1. Если то, что сделал Смит, было неправильным, то он получит тюремный срок.

  1. То, что сделал Смит, было неправильным.
  1. Следовательно, Смит получит тюремный срок

Предшествующее предложение “Если то, что сделал Смит, было неправильным” в строке 1 и независимое предложение “То, что сделал Смит, было неправильным” в строке 2 должны совпадать по содержанию, а именно: "То, что сделал Смит, было неправильным". Если бы они выражали разные суждения или если бы строка 2 не имела содержания (но была, например, утонченным способом выкрикивания “Бу!”), то этот вывод был бы неверным, чем он явно не является.

Естественная телеология.

Часто утверждается, что телеологические объяснения устарели, особенно в биологии: предполагается, что любое телеологическое объяснение может быть заменено эффективным причинно-следственным объяснением, которое, кроме того, является реальным (обычно это означает: научным) объяснением явления.
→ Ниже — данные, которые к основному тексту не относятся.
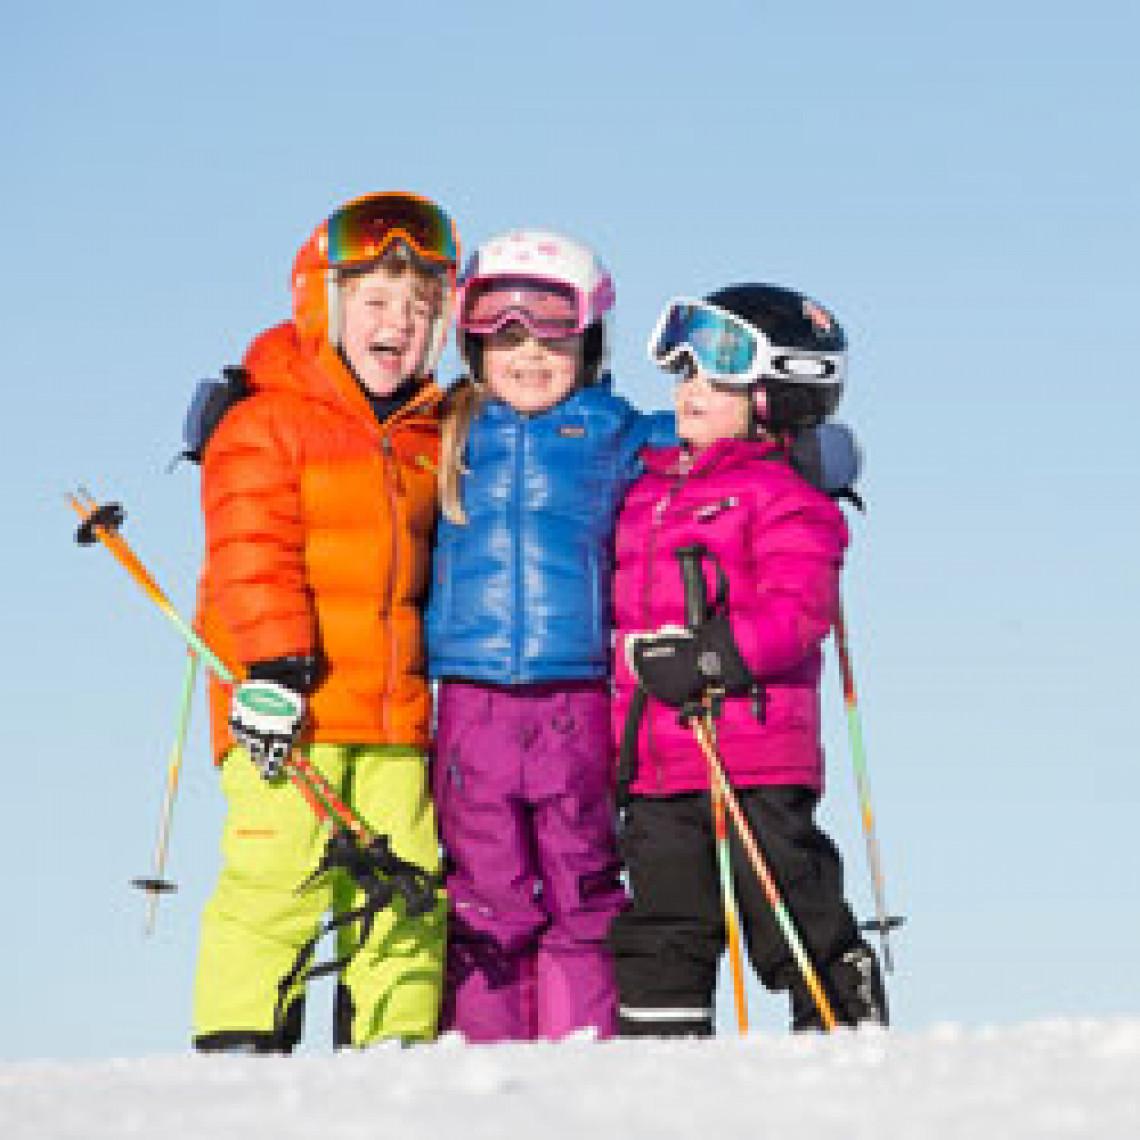 Børn i skiudstyr

Согласно этой точке зрения, телеологические объяснения в лучшем случае являются удобством обычного языка, но часто они представляют собой вводящую в заблуждение антропоморфизацию. В статье “Телеологическое объяснение” Гич отстаивает противоположную точку зрения: эффективные причинно-следственные объяснения предполагают телеологические концепции. Когда мы говорим, например, об общих законах природы, мы на самом деле описываем тенденции, говорит Гич.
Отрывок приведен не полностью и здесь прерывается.